As I lay here in bed with my 13 month old at my side, I am excited about the future. I love my life. I am able to stay home to my sweet baby boy, I have an adoring husband, I paint when I am able. & now, I am taking this next step toward selling more work. I've sold a piece here & there in the past, but mostly my paintings are gifts & for the enjoyment of us & guests of our home. Right now, my art is all over the walls, piled in my studio (our dining room), & buried away in a storage unit the next town over. Soon, however, I will open my shop to the world wide web. Who knows what that means for us? I do know that it will mean trying to take more pictures of my work while my babe clings to my feet, signing for milk & tugging at my shirt. That already happens often & is the reason I have not done this sooner.
I thought that becoming a stay-at-home mom meant that there would be so much time to paint while he napped & at night when he was asleep, but he often nurses to sleep for naps & wakes if I move from him. At night we co-sleep, which I love, but does not allow for much work. Mostly I just listen to podcasts, doodle, or search my Instagram feed. Soon, though, I hope to be posting more work, contemplating fun titles for my works, looking for inspiration for future paintings, planning out commissions, etc. I hope that I can become better at time management & can get this small business off the ground running.

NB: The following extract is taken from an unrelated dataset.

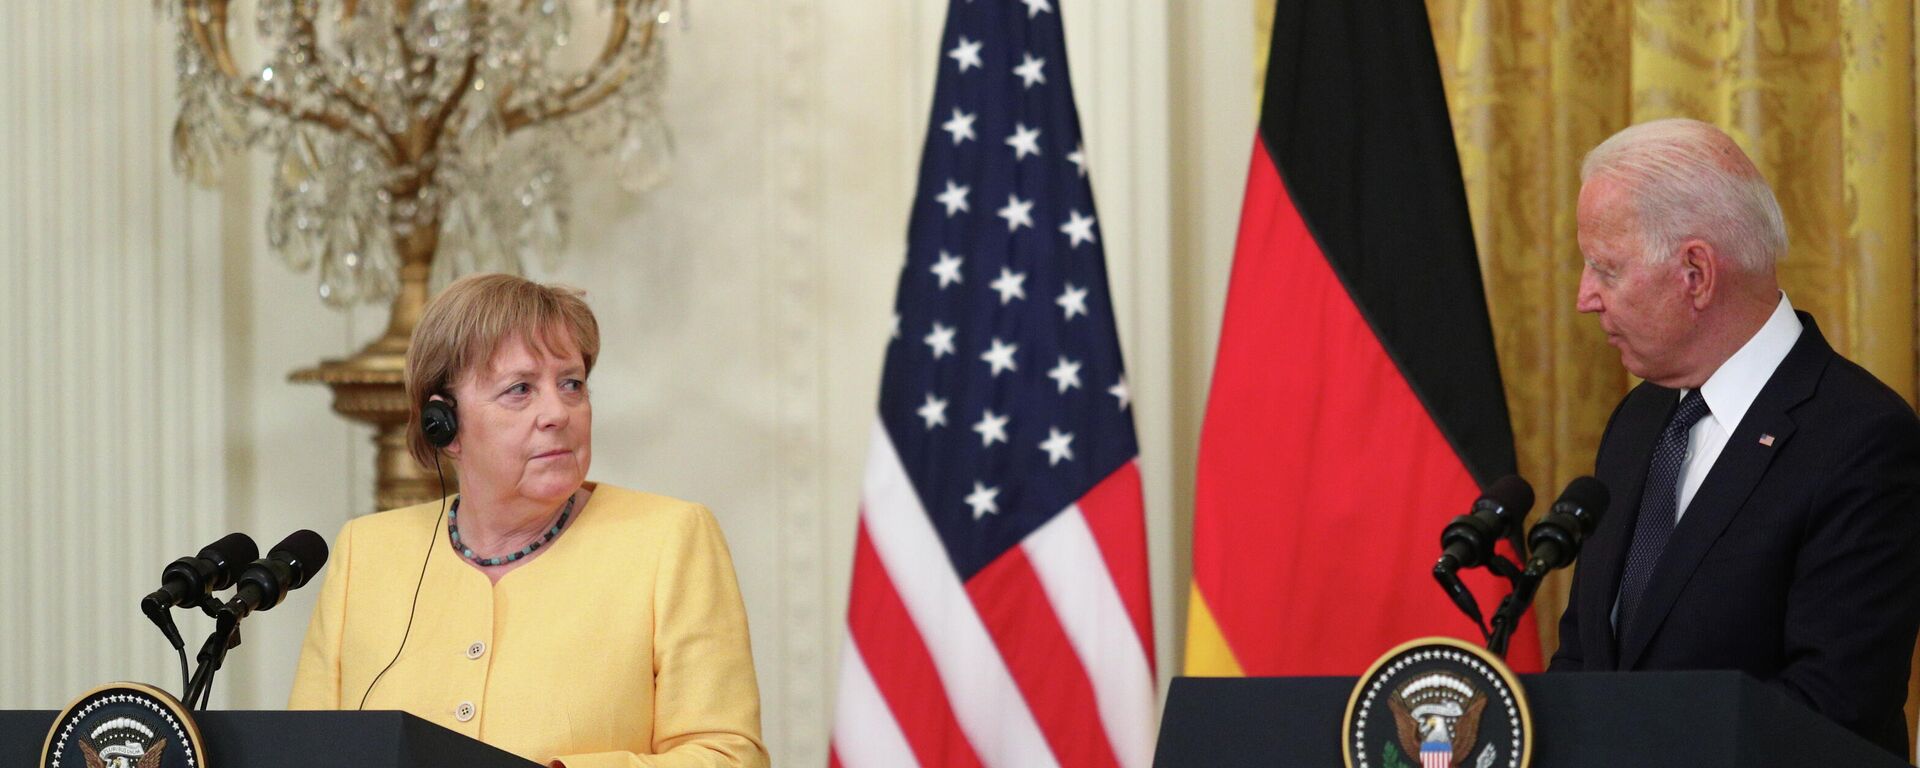 JAV prezidentas Džo Baidenas ir Vokietijos kanclerė Angela Merkel bendroje spaudos konferencijoje Vašingtone - Sputnik Lietuva, 1920, 25.07.2021

I have so many hopes for the future. I've always wanted to write & illustrate a children's book, teach more classes, maybe even start a gallery. For now I shall focus on one thing at a time. Getting this site together the way I want it, listing photos, reformatting text from my old site, etc. Actually, right now I have to focus on getting some sleep. This has waited a long while, it can certainly wait another day or two.